▶ **INSTRUCTIONS TO FOLLOW**
The result should be an exact copy of only the lines from the one holding "chair 防腐小木椅" through the last line of the data below, please, without pictures.

▶ **PROVIDED MATERIAL**
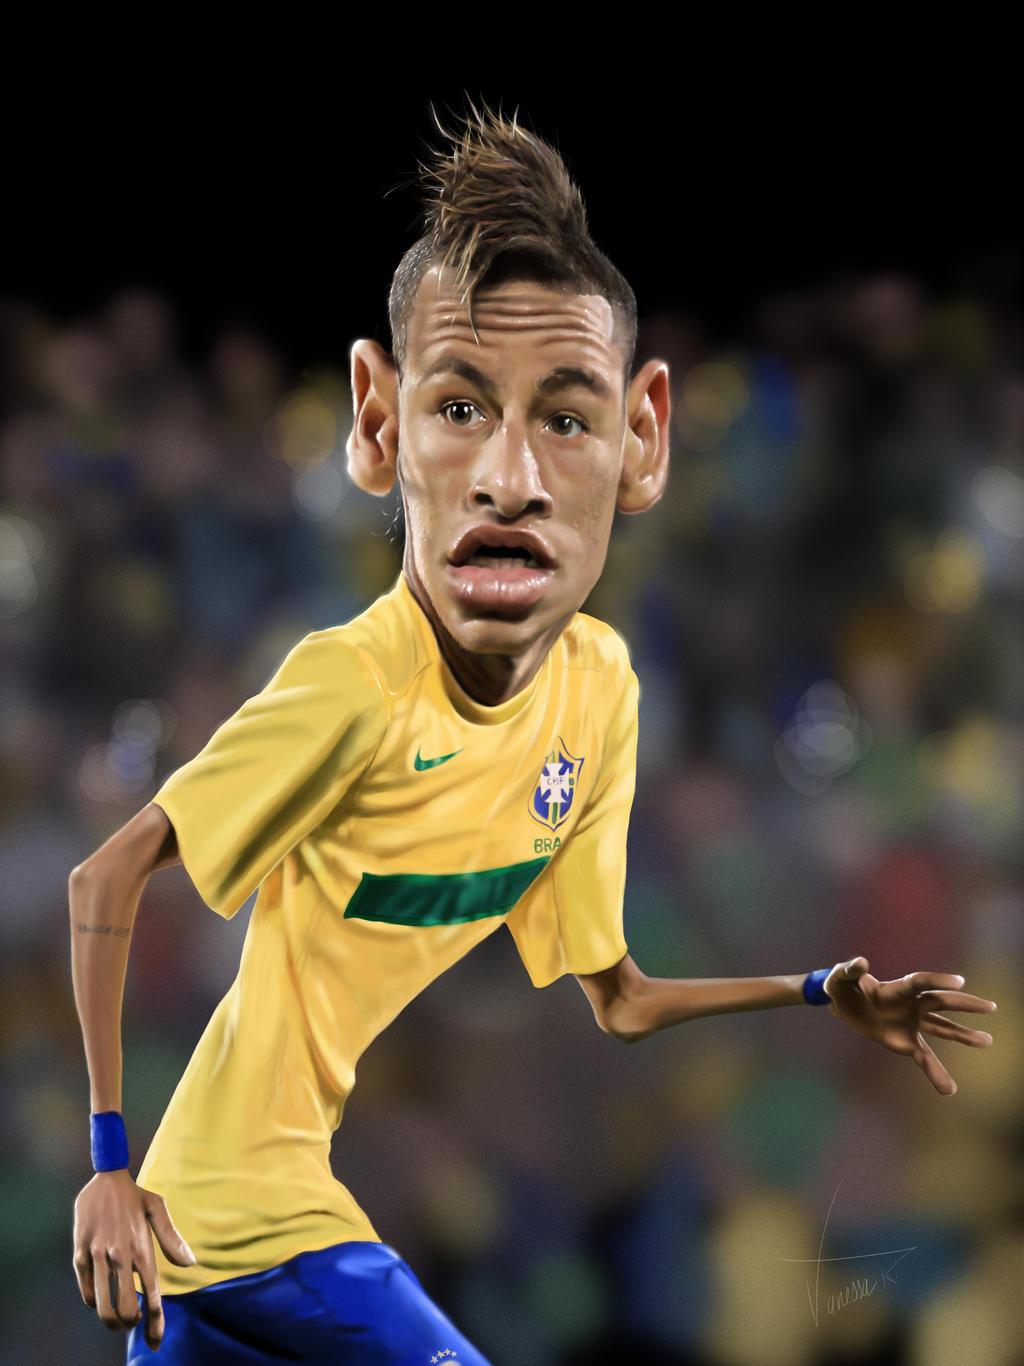 Neymar Cartoon Drawing Neymar by vanessaribeiro
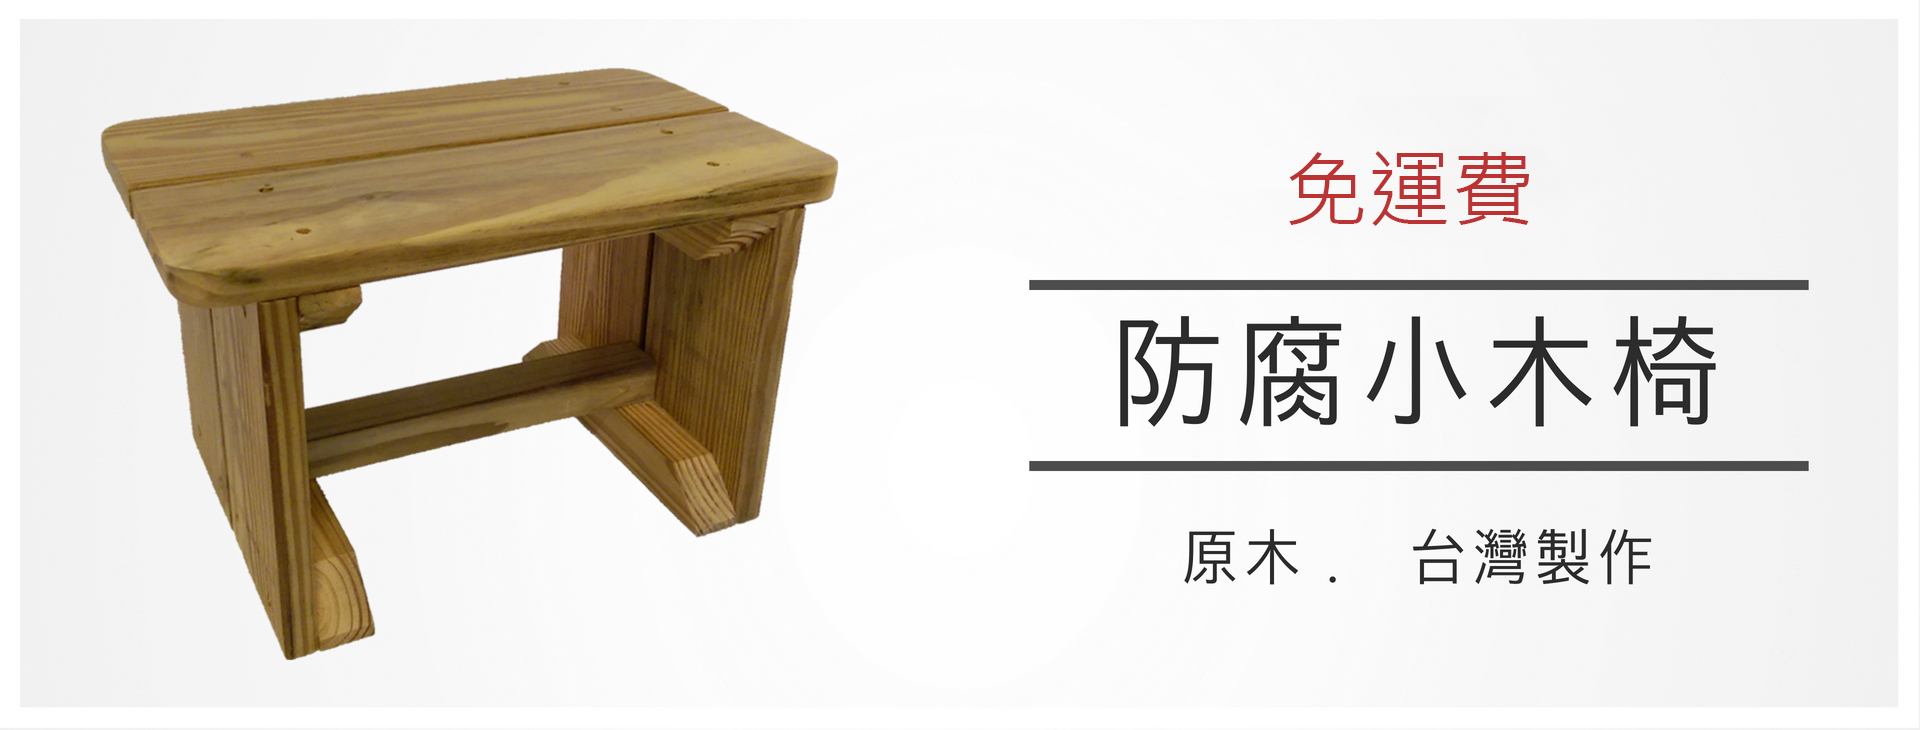 chair 防腐小木椅
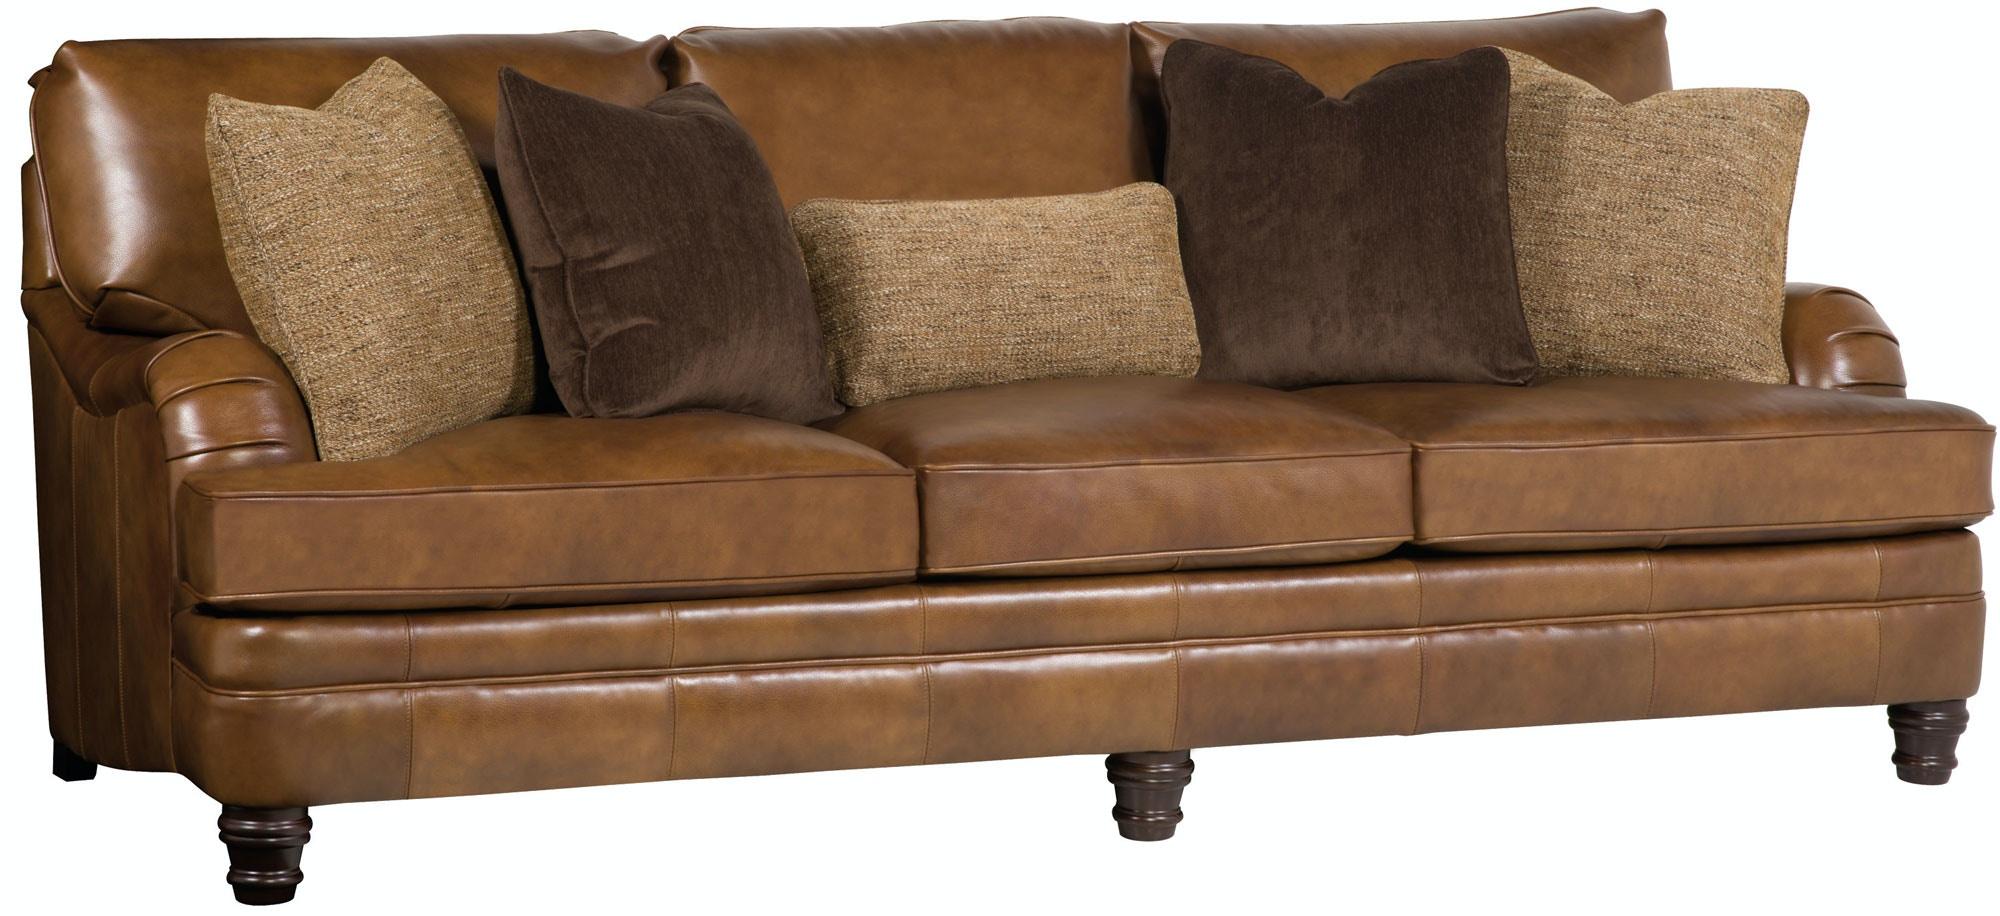 Bernhardt Furniture Tarleton Sofa 7077L
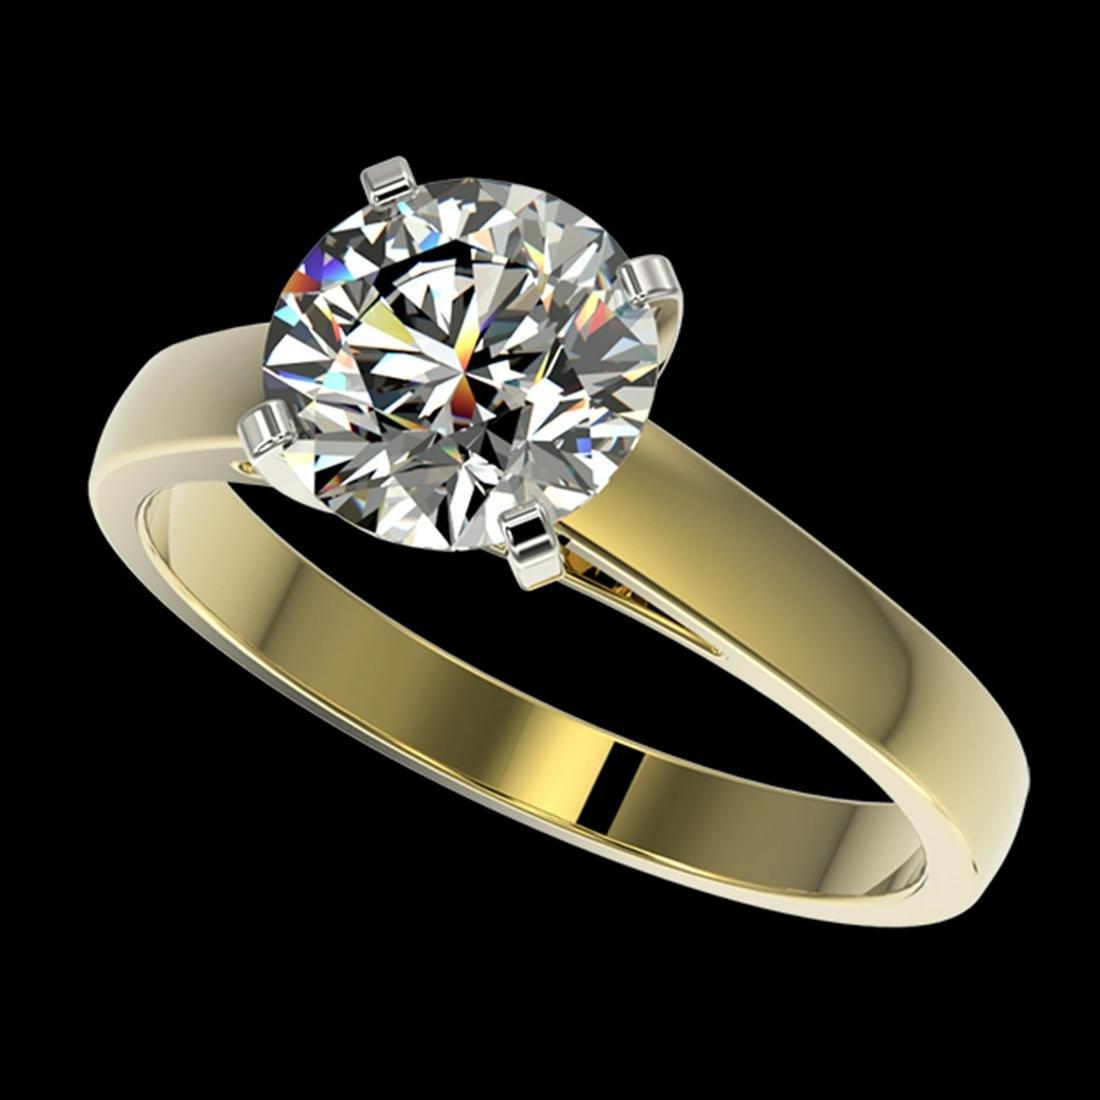 2.05 ctw H-SI/I Diamond Ring 10K Yellow Gold -

▶ **OUTPUT**
 chair 防腐小木椅
 Bernhardt Furniture Tarleton Sofa 7077L
 2.05 ctw H-SI/I Diamond Ring 10K Yellow Gold -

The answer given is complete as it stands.